The EHV Pk cell illustrated in Fig. 2 was sensitive to ipsilateral head velocity during VOR cancellation (0.61 spikes/s per °/s, Fig. 2A2) as well as to eye velocity during ocular pursuit (1.43 spikes/s per °/s, Fig. 2A1). The cell was, however, like most EHV Pk cells in the FLR, more sensitive to eye velocity than it was to head velocity.

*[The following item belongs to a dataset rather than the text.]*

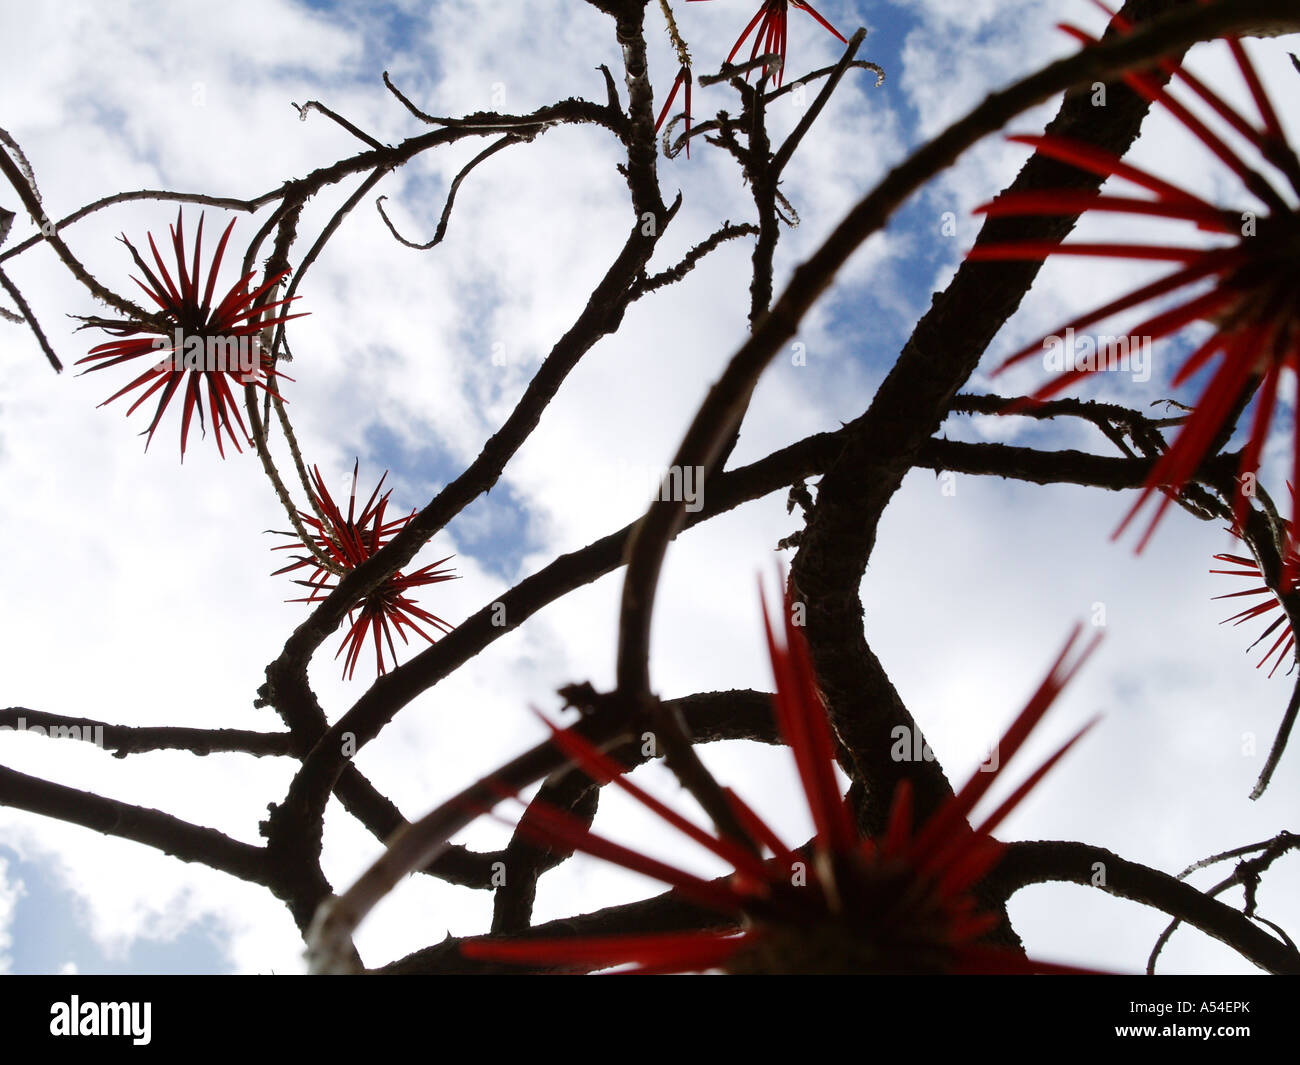 Botanical garden, Coral Tree, Erythrina reticulata, flowerage of Madeira Stock Photo

The traces superimposed on the firing rate histograms in Fig. 2 are the responses expected based on the cells sensitivity to eye movements during pursuit and to passive head movements during suppression of the VOR. Although the two signals tend to cancel one another during the VOR, the cell's firing rate was still modulated during the VOR evoked by passive whole body rotation (Fig. 2A3) due to the much stronger sensitivity to eye velocity. On the other hand, the cell's firing rate was poorly modulated during gaze saccade-related VOR eye and head movements in both the eye movement on direction (2B1) and off direction (2B2. Figure 2C plots the peak change in firing rate observed during the VOR related to individual gaze saccades versus the predicted change in firing rate expected from the cell's sensitivity to eye velocity during pursuit and passive VOR. The slope of regression (0.06) was not significantly different from zero.
Pk cells that were insensitive to VOR eye movements evoked by active head-on-trunk rotations during gaze saccades were sensitive to VOR eye movements evoked by passive head-on-trunk rotation. Figure 3A shows the responses of an EHV Pk cell during high-frequency passive head-on-trunk rotation at 3.5 Hz. The cell's firing rate was modulated, although the response was smaller than that predicted from its responses during pursuit and VOR cancellation (trace superimposed on firing rate histogram), possibly because the cell received neck proprioceptive inputs or was sensitive to the absence of a visual target (Belton and McCrea 2000a
; Gdowski et al. 2001
). Figure 3B shows the cell's response during on direction saccade-related VOR eye movements the temporal duration of which was comparable to a half cycle of the passive head-on-trunk rotation stimulus (3.5 Hz) shown in Fig 3A. Figure 3C plots the change in firing rate of the cell during individual saccade-related VOR epochs versus predicted change in firing rate based on its sensitivity to passive head-on-trunk rotation. The slope of regression (0.024) was not significantly different from zero. Similar analysis was carried out in 13 other Pk cells. The mean sensitivity of all 14 Pk cells to VOR evoked by high-frequency passive head-on-trunk rotation was 0.39 ± 0.27 spikes/s per °/s, whereas their sensitivity to gaze saccade-related VOR evoked by comparable head movements was not significantly different from zero.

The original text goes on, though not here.